Qiao Wei, Zhou Min, Liu Changjian, Qiao Tong
Zhongguo Xiu Fu Chong Jian Wai Ke Za Zhi. 2015 Jul;29(7):870-7.
To compare the biological features of early and late endothelial progenitor cells (EPCs) by isolating and culturing early and late EPCs from the human peripheral blood so as to find some unique properties of EPCs and to propose a suitable strategy for EPCs identification.
Mononuclear cells were isolated from the human peripheral blood using density gradient centrifugation. Then, the cells were inoculated in human fibronectin-coated culture flasks and cultured in endothelial cell basal medium 2. After 4-7 days and 2-3 weeks culture, early and late EPCs were obtained respectively. The morphology, proliferation potential, surface markers, cytokine secretion, angiogenic ability, and nitric oxide (NO) release were compared between 2 types of EPCs. Meanwhile, the human aortic endothelial cells (HAECs) were used as positive control.
The morphology of early and late EPCs was different: early EPCs formed a cell cluster with a spindle shape after 4-7 days of culture, and late EPCs showed a cobblestone appearance. Late EPCs were characterized by high proliferation potential and were able to form capillary tubes on Matrigel, but early EPCs did not have this feature. Both types EPCs could ingest acetylated low density lipoprotein and combine with ulex europaeus I. Flow cytometry analysis showed that early EPCs did not express CD34 and CD133, but expressed the CD14 and CD45 of the hematopoietic stem cell markers; however, late EPCs expressed CD31 and CD34 of the endothelial cell markers, but did not express CD14, CD45, and CD133. By RT-PCR analysis, the expressions of vascular endothelial growth receptor 2 and vascular endothelial cadherin in early EPCs were significantly lower than those in the late EPCs and HAECs (P < 0.05), but no significant difference was found in the expression of von Willebrand factor and endothelial nitric oxide synthase (eNOS) between 2 type EPCs (P > 0.05). The concentrations of vascular endothelial growth factor, granulocyte colony-stimulating factor, and interleukin 8 were significantly higher in the supernatant of early EPCs than late EPCs (P < 0.05). Western blot assay indicated eNOS expressed in both types EPCs, while the expression of eNOS in late EPCs was significantly higher than early EPCs at 5 weeks (P < 0.05). Both cell types could produce similar amount of NO (P > 0.05).

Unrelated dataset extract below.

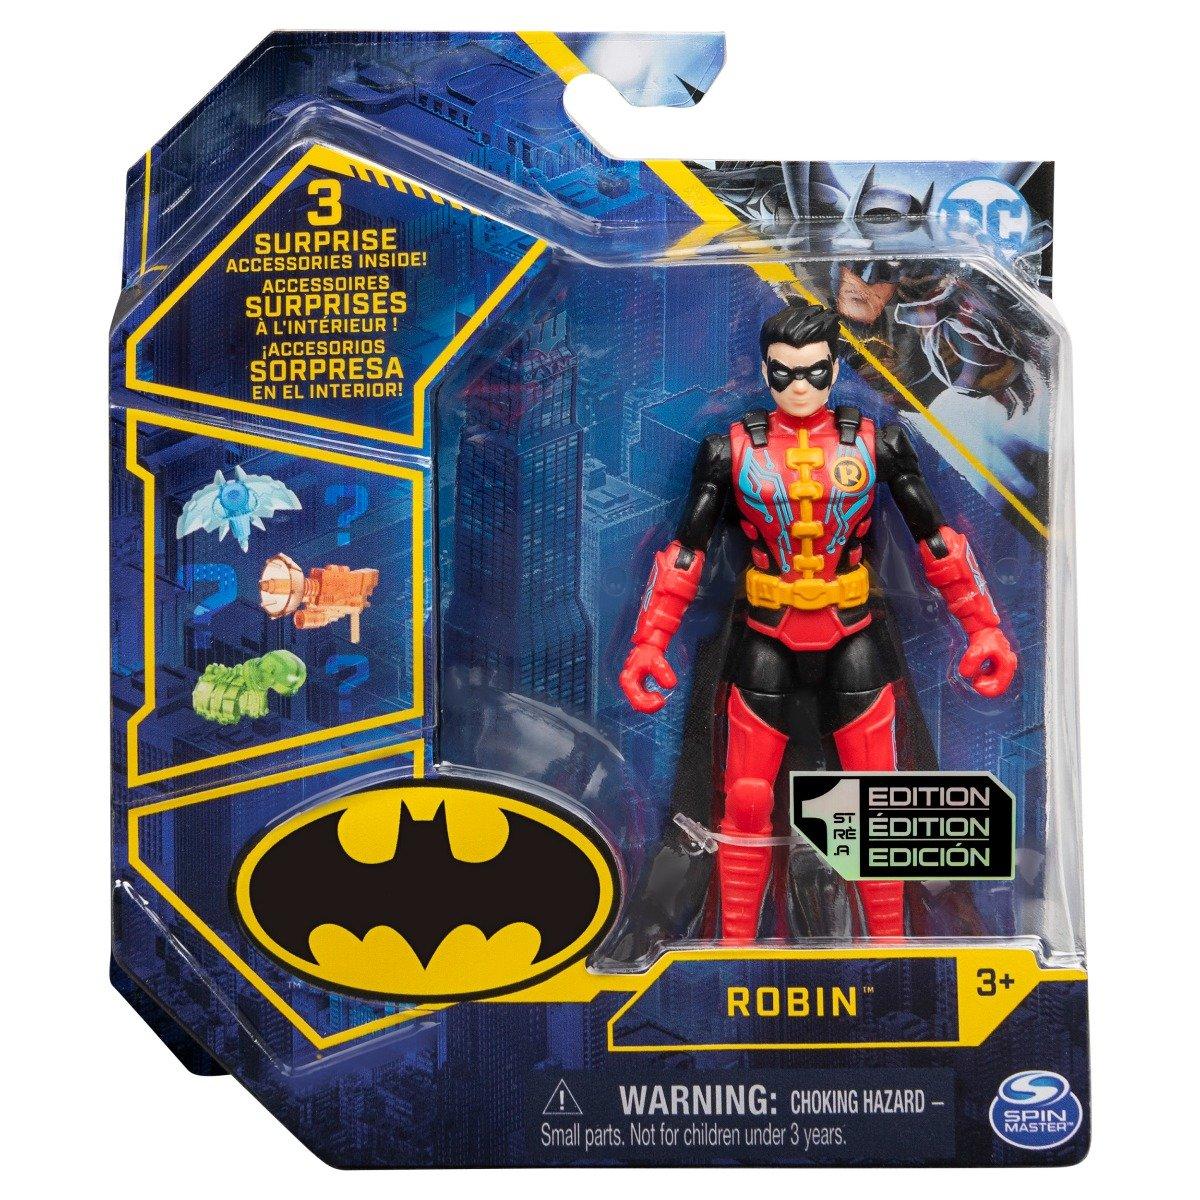 Set Figurina cu accesorii surpriza Batman, Robin 20129813

The expression of eNOS and the production of NO could be used as common biological features to identify EPCs, and the strategy of a combination of multiple methods for EPCs identification is more feasible.

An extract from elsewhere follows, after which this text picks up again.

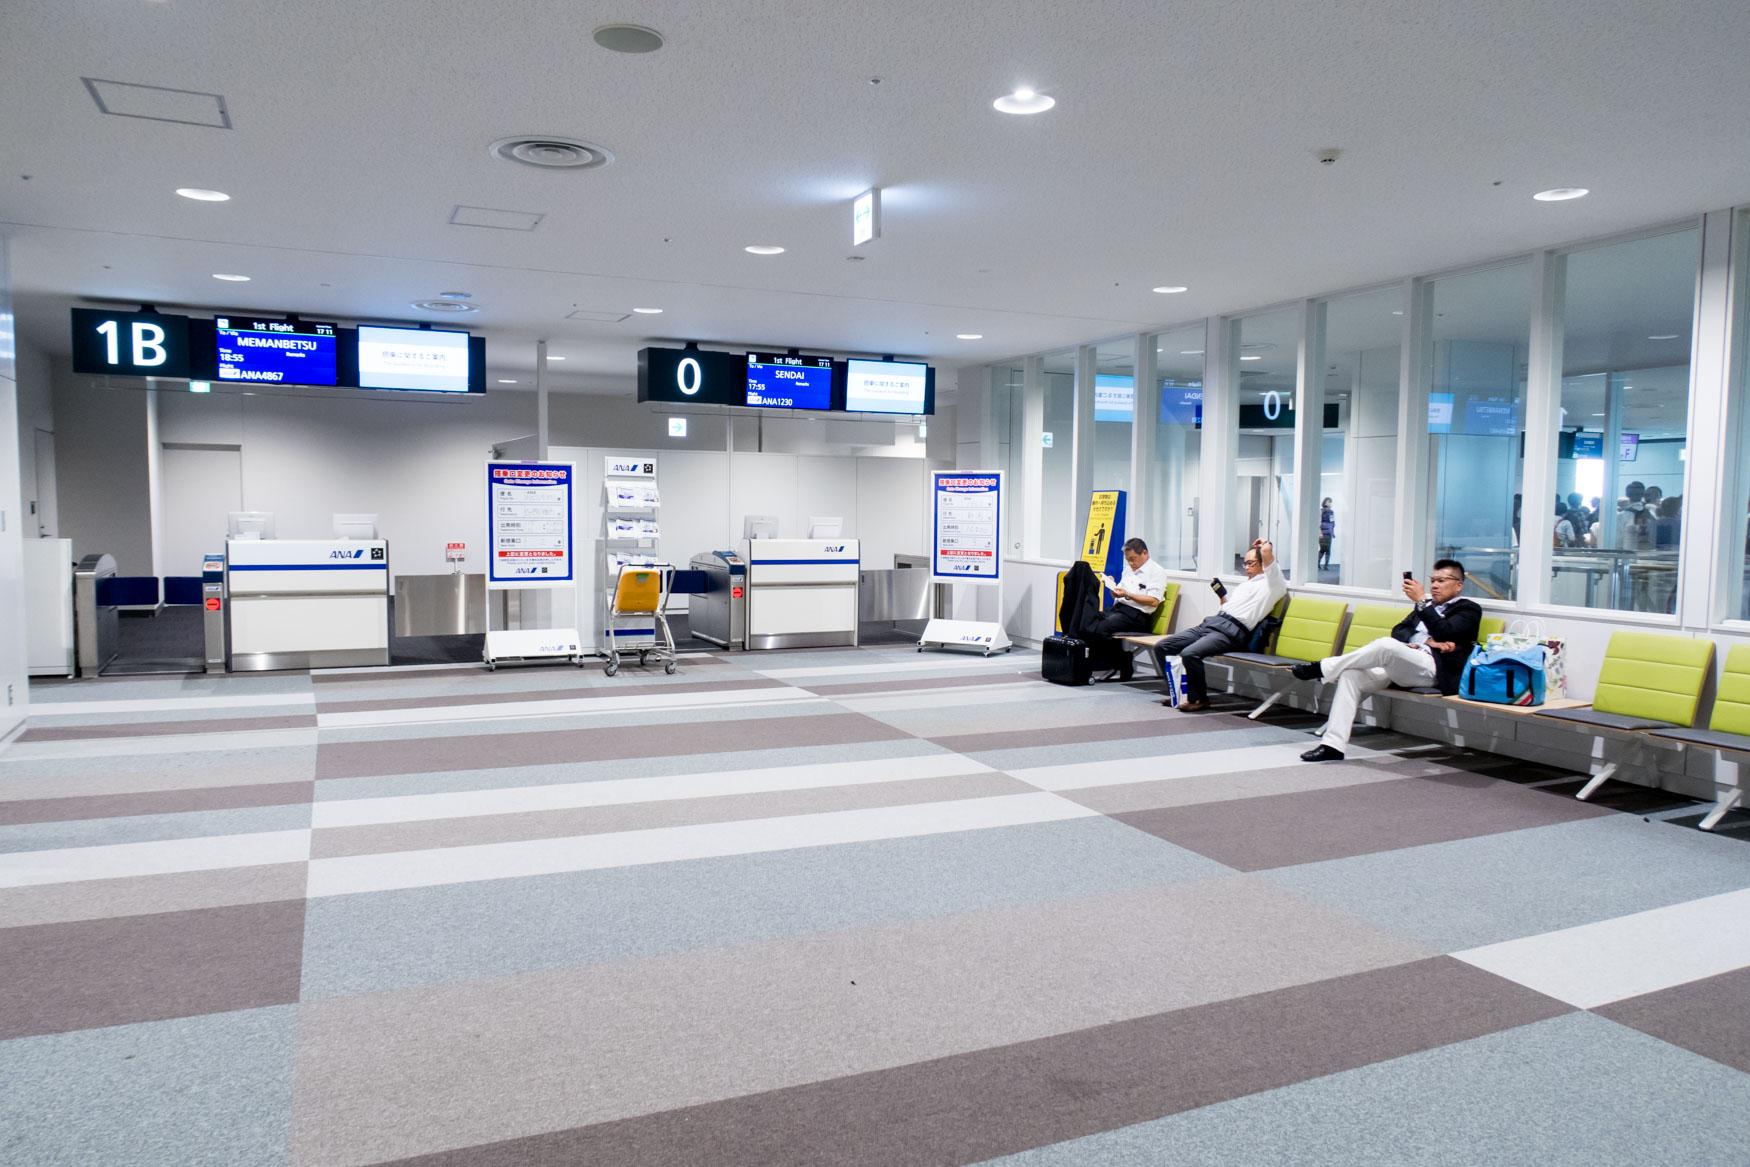 Sapporo Gate 0 Area

通过从人外周血中分离培养早期和晚期内皮祖细胞(EPCs),比较其生物学特性,以发现EPCs的一些独特性质,并提出合适的EPCs鉴定策略。
采用密度梯度离心法从人外周血中分离单个核细胞。然后,将细胞接种于包被人纤连蛋白的培养瓶中,在内皮细胞基础培养基2中培养。分别培养4 - 7天和2 - 3周后,获得早期和晚期EPCs。比较两种类型EPCs的形态、增殖潜能、表面标志物、细胞因子分泌、血管生成能力和一氧化氮(NO)释放。同时,用人主动脉内皮细胞(HAECs)作为阳性对照。

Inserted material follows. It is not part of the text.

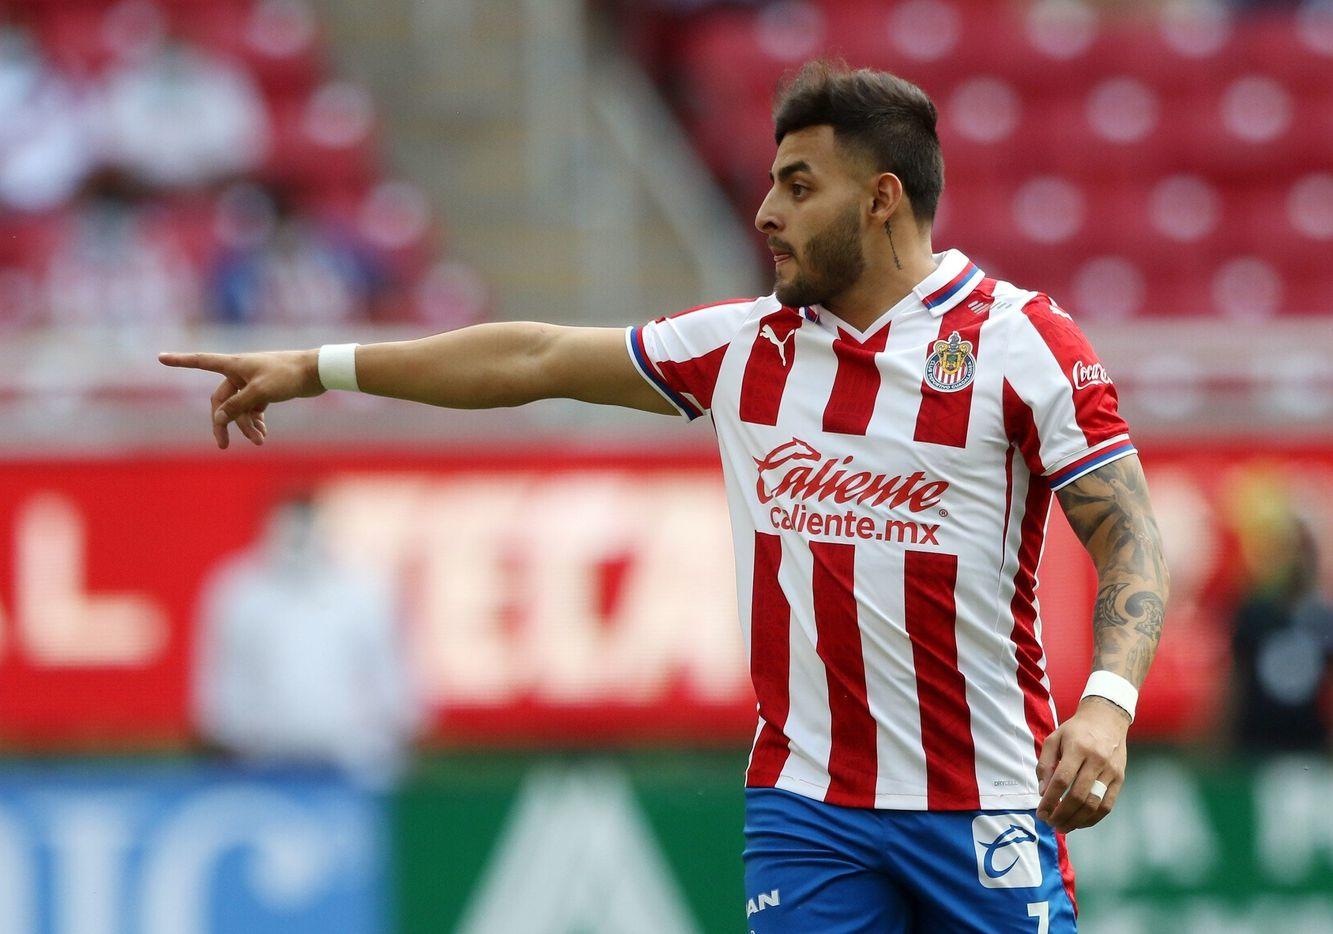 El delantero de Chivas, Alexis Vega, hace responsable a los jugadores por el mal paso del club.

早期和晚期EPCs的形态不同:早期EPCs培养4 - 7天后形成纺锤形细胞簇,晚期EPCs呈鹅卵石样外观。晚期EPCs具有高增殖潜能,能够在基质胶上形成毛细血管管腔,但早期EPCs没有此特征。两种类型的EPCs都能摄取乙酰化低密度脂蛋白并与荆豆凝集素I结合。流式细胞术分析显示,早期EPCs不表达CD34和CD133,但表达造血干细胞标志物CD14和CD45;然而,晚期EPCs表达内皮细胞标志物CD31和CD34,但不表达CD(此处原文有误,推测应为CD14、CD45和CD133)。通过RT-PCR分析,早期EPCs中血管内皮生长因子受体2和血管内皮钙黏蛋白(此处原文有误,推测应为血管内皮钙黏着蛋白)的表达明显低于晚期EPCs和HAECs(P < 0.05),但两种类型EPCs之间血管性血友病因子和内皮型一氧化氮合酶(eNOS)的表达无显著差异(P > 0.05)。早期EPCs上清液中血管内皮生长因子、粒细胞集落刺激因子和白细胞介素8的浓度明显高于晚期EPCs(P < 0.05)。蛋白质免疫印迹分析表明,两种类型的EPCs中均表达eNOS,而在5周时晚期EPCs中eNOS的表达明显高于早期EPCs(P < 0.05)。两种细胞类型产生的NO量相似(P > 0.05)。
eNOS的表达和NO的产生可作为鉴定EPCs的共同生物学特征,多种方法联合鉴定EPCs的策略更可行。